The issue is Modernity and how to deal with a new century of change.
It's drawn a lot of attention. I only wish the message could reach some of the prominent conservatives who are currently in agony over the madness sweeping their movement. (Liberals were able to do this, recognizing the evils of communism.)
Take my proposal for an Alliance for a Modern World. It's one approach to bring up-front what really matters - fealty to the pragmatic can-do spirit of modernity, which stands at the heart of the American Experiment.
Somehow we must learn to recognize that moderate pragmatists across America derive no benefit from today's idiotic "left-right political axis" which forces them into alliance with various kinds of fanatics.
And yes, it is awkward to use "romanticism" as a general term for those who oppose modernity.
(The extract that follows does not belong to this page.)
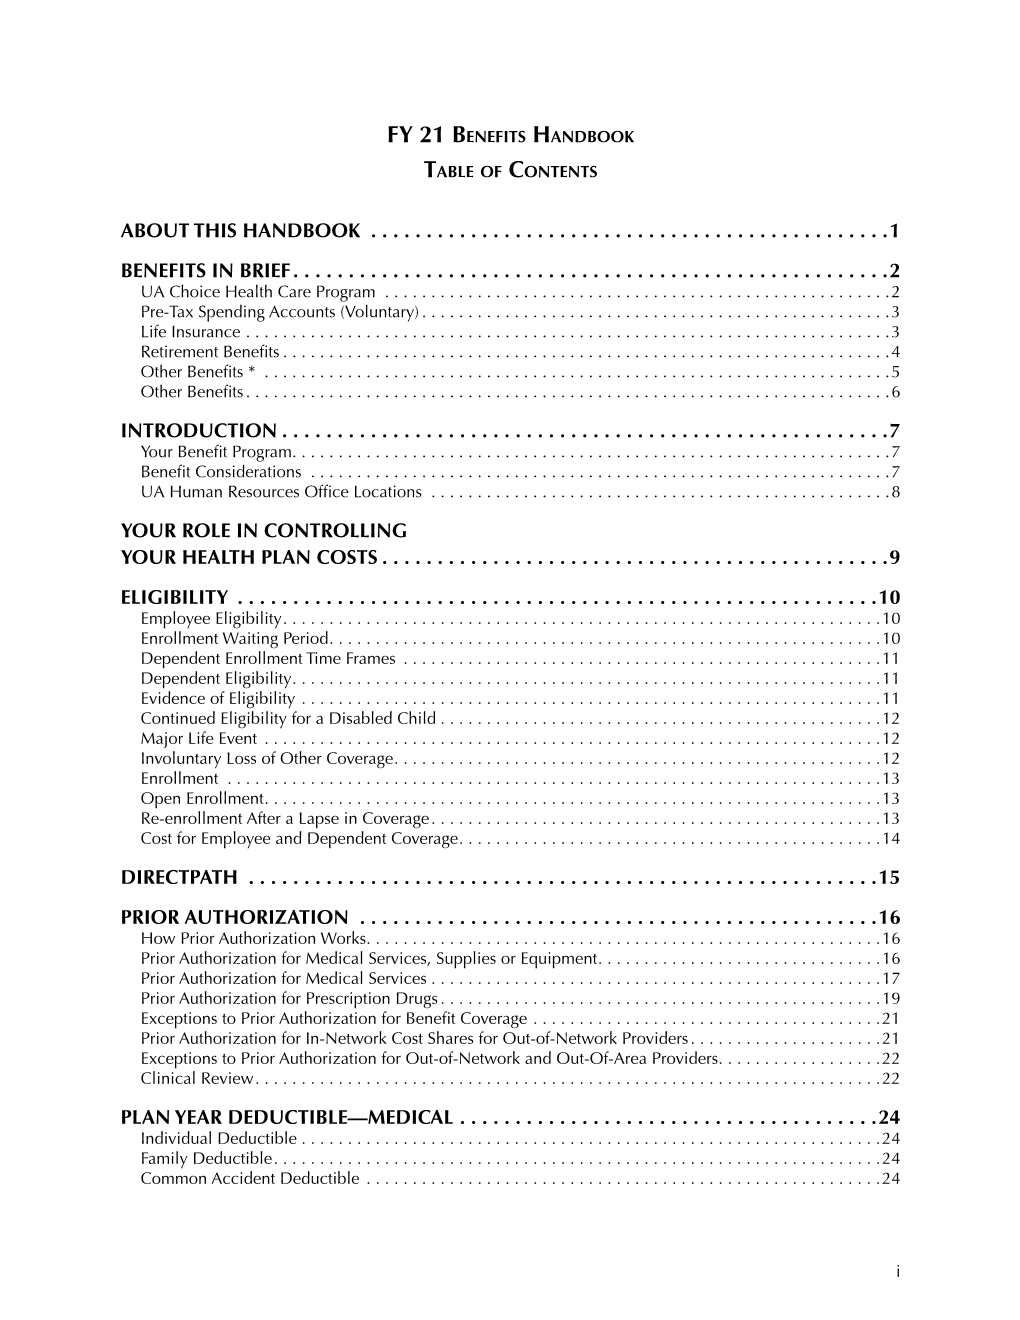 UA Employee Benefits Handbook

Let me make clear that I feel a strong tug of romanticism within, and show it in my writings. For example, even in the hard SF novel KILN PEOPLE, there is a notion of transcendence of the human soul. In THE LIFE EATERS I explore a parallel world in which magic (necromancy and human sacrifice) actually works.
In my essay about Tolkien, I emphasize that there are differences AMONG romantic writers. Tolkien himself was deeply thoughtful about the implications of his own story, and well-aware of the moral faults of his High Elves. He just could not bring himself to face the possibility that wisdom might increase with time. And THAT is the fundamental assumption that seems to propel most romanticism. A cynical rejection of the egalitarian uplift-potential of progress.
I am writing an essay about modernism that may supplement these ideas. Later.